Wednesday, March 26, 2008

I have lost my self and found my self

A lot of things has happened in a short span of time. Unexplained and unexpressed feelings has come (and still coming). So much happiness and enjoyment have I experience but then again so much pain, hurts and sufferings has come. But still I am here holding on.....

I have lost myself in time of my sufferings and my hurts. No one knows what I do really feel, I just go around and pretend I am happy and make my friends laugh. I joke around so that they won't see my pain which seems to kill me. And at the end of the day I felt so alone that no one seems to know I exist in their worlds. I never felt I was important. I cry by myself all night until I fell asleep.

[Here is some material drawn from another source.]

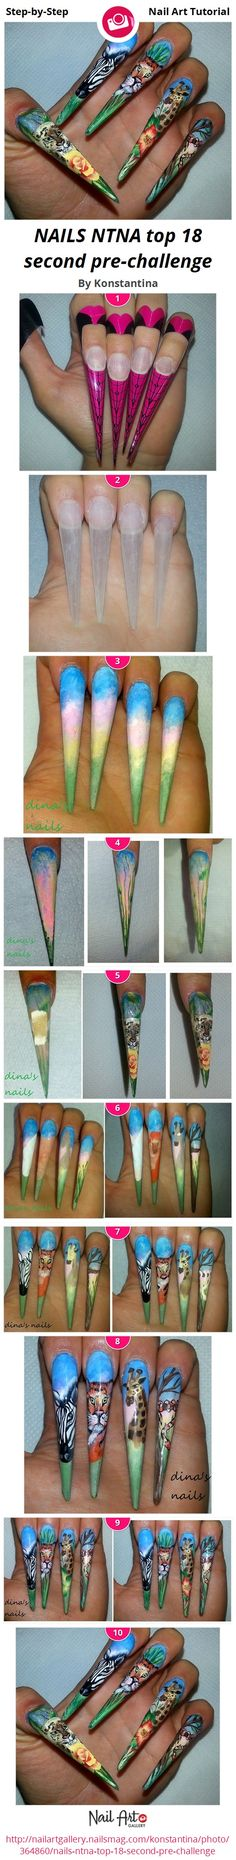 NAILS NTNA top 18 second pre-challenge by Konstantina - Nail Art Gallery Step-by-Step Tutorials nailartgallery.nailsmag.com by Nails Magazine www.nailsmag.com #nailart

I have to surpassed unfair realities. It is a must do but its hard. I have to sacrifice and give way, for who am I? I am just me and I am tired. I don't want to have sleepless nights again, no heartaches and pain deep inside, no broken promises and no lies. I have dream big and expect great things to happened, happiness and success together with my love ones but I have realize dreams do come true but not for me....And I was afraid to love and trust again. I do hate good byes and I don't want to hear it from the persons I cherish so I stay plain and simple.

Then on I struggled and pray, asking the Lord everyday to help me stand up again. I found a new place to meet new people for a new beginning. I put in mind I have to move on even I am alone, search for what I really want and get to know myself more.

And I met different personalities, wonderful persons, friendly people willing to befriend me. I started moving on and found myself again. I learn to laugh with no pain inside. I learn to let go of the hurt in my heart. And I can say once more "I am happy"...I have come to realize I was loving again and important. But eventually happines does not end just like that, of course there are misunderstandings, jealousy, envy, doubtness and pride roaming around the corners of friendship and love which gaves me the feeling of heaviness of the heart. I have to be prepared again on to be hurt which cannot be avoided and accept changes in my life. I must learn to control things and not forcing things to happened just what I wanted to be but to consider the feelings of others because somehow I cannot dictate the life of persons around me. We all have sinned especially me. And I am thankful forgiveness prevails. Full acceptance is coming along the way which makes me feel glad and confident.

This is a life lesson for me, helping and trusting one another is one of the best thing in friendship and love. And I believe better communication do leads you to success. I have learn to be a better listener and learn how to value friendships, secrets and promises. I had promise to myself that I wouldn't do things that would hurt the person I cherish. I will do my best to be caring and thoughtful.

This does not end here. There are lots of problems to be face, temptations to be a challenge and more realizations to know. I don't know what tomorrow comes, what hinders to my mind is that everything happens for a reason and for a purpose that only God knows first.